Roberto Jiménez

Personal information
- Full name: Roberto Carlos Jiménez Jiménez
- Date of birth: 17 April 1983 (age 41)
- Place of birth: Piura, Peru
- Height: 1.80 m (5 ft 11 in)
- Position(s): Forward

Senior career*
- Years: Team / Apps / (Gls)
- 2003–2006: Alianza Atlético / 118 / (44)
- 2006–2010: San Lorenzo / 25 / (7)
- 2007: → Lanús (loan) / 8 / (1)
- 2008: → Universitario (loan) / 47 / (17)
- 2009: → Godoy Cruz (loan) / 11 / (2)
- 2009: → Sporting Cristal (loan) / 22 / (2)
- 2010: → Deportes La Serena (loan) / 14 / (3)
- 2010: Alianza Atlético / 18 / (7)
- 2011: Unión Comercio / 26 / (17)
- 2012–2013: Universidad César Vallejo / 42 / (18)
- 2013: Unión Comercio / 9 / (2)
- 2014: Los Caimanes / 35 / (18)
- 2015–2016: Alianza Atlético / 26 / (11)
- 2016–2017: Defensor La Bocana / 23 / (4)
- 2017: Alianza Atlético / 19 / (3)
- 2018: Sport Loreto / 5 / (3)
- 2023: Semillero Tambogrande / – / (–)
- Total:  / 448 / (159)

International career
- 2006–2008: Peru / 6 / (0)

= Roberto Jiménez (footballer, born 1983) =

Peruvian footballer

Roberto Carlos Jiménez Jiménez (born 17 April 1983) is a Peruvian former professional footballer who played as a forward.

==Career==
Jiménez began his career in 2003 at Alianza Atlético in the Peruvian Primera División. In 2005, he moved to Argentina to play for San Lorenzo, which acquired his rights.

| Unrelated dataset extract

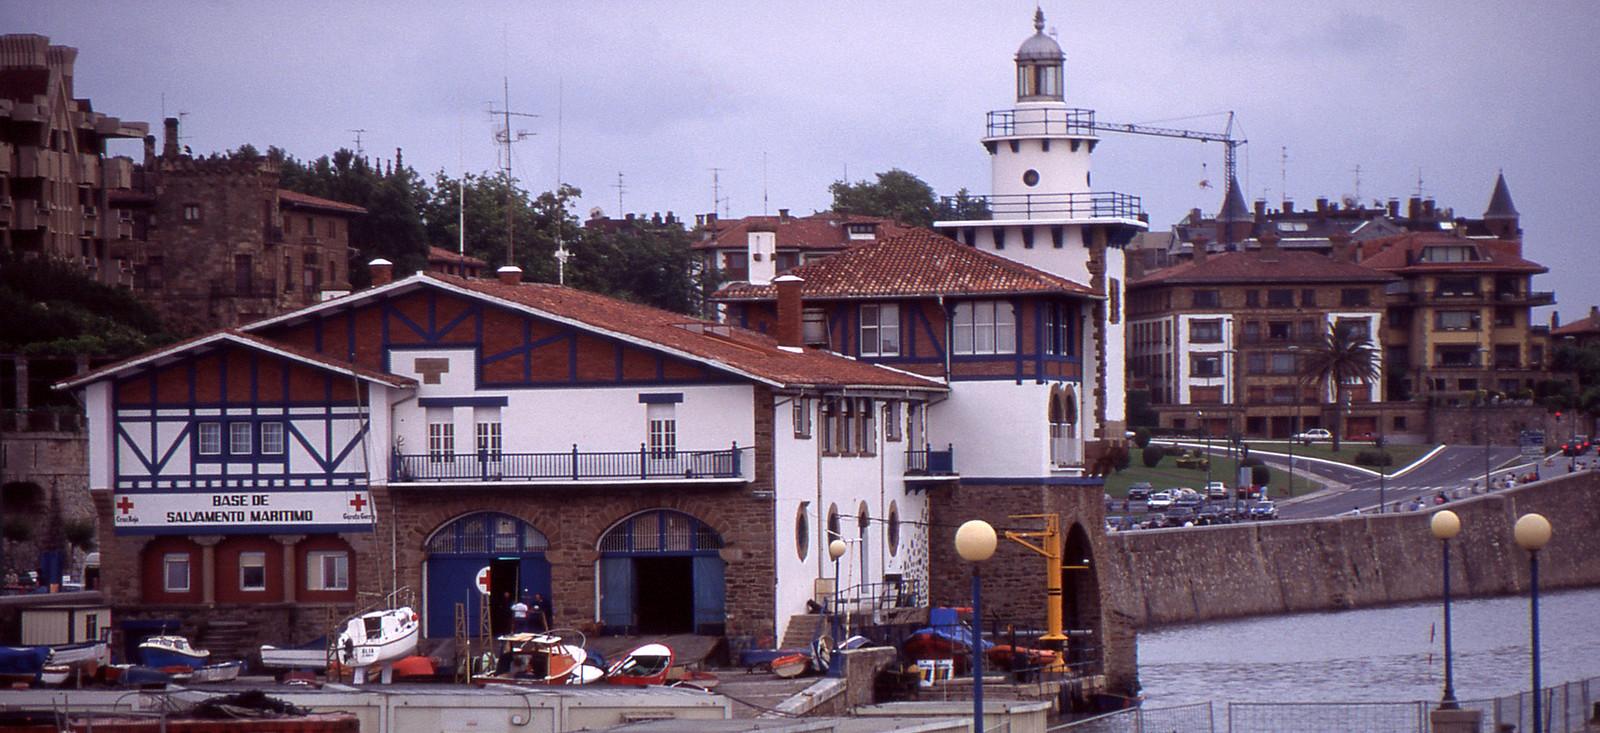 Base de salvamento de Arriluze (País Vasco)

In 2007, Jiménez joined Club Atlético Lanús on a loan helping the team win the Apertura 2007 tournament, its first ever top-flight league title. In 2008, Jiménez was loaned to Peruvian club Universitario de Deportes. In 2009, he returned to play in the Argentine Primera División with recently promoted team Godoy Cruz. After six months in Mendoza, the loan ended and he was sent to Sporting Cristal. On 7 January 2010, Deportes La Serena signed the forwards from Club Atlético San Lorenzo de Almagro "Malingas" on a 50% joint ownership deal.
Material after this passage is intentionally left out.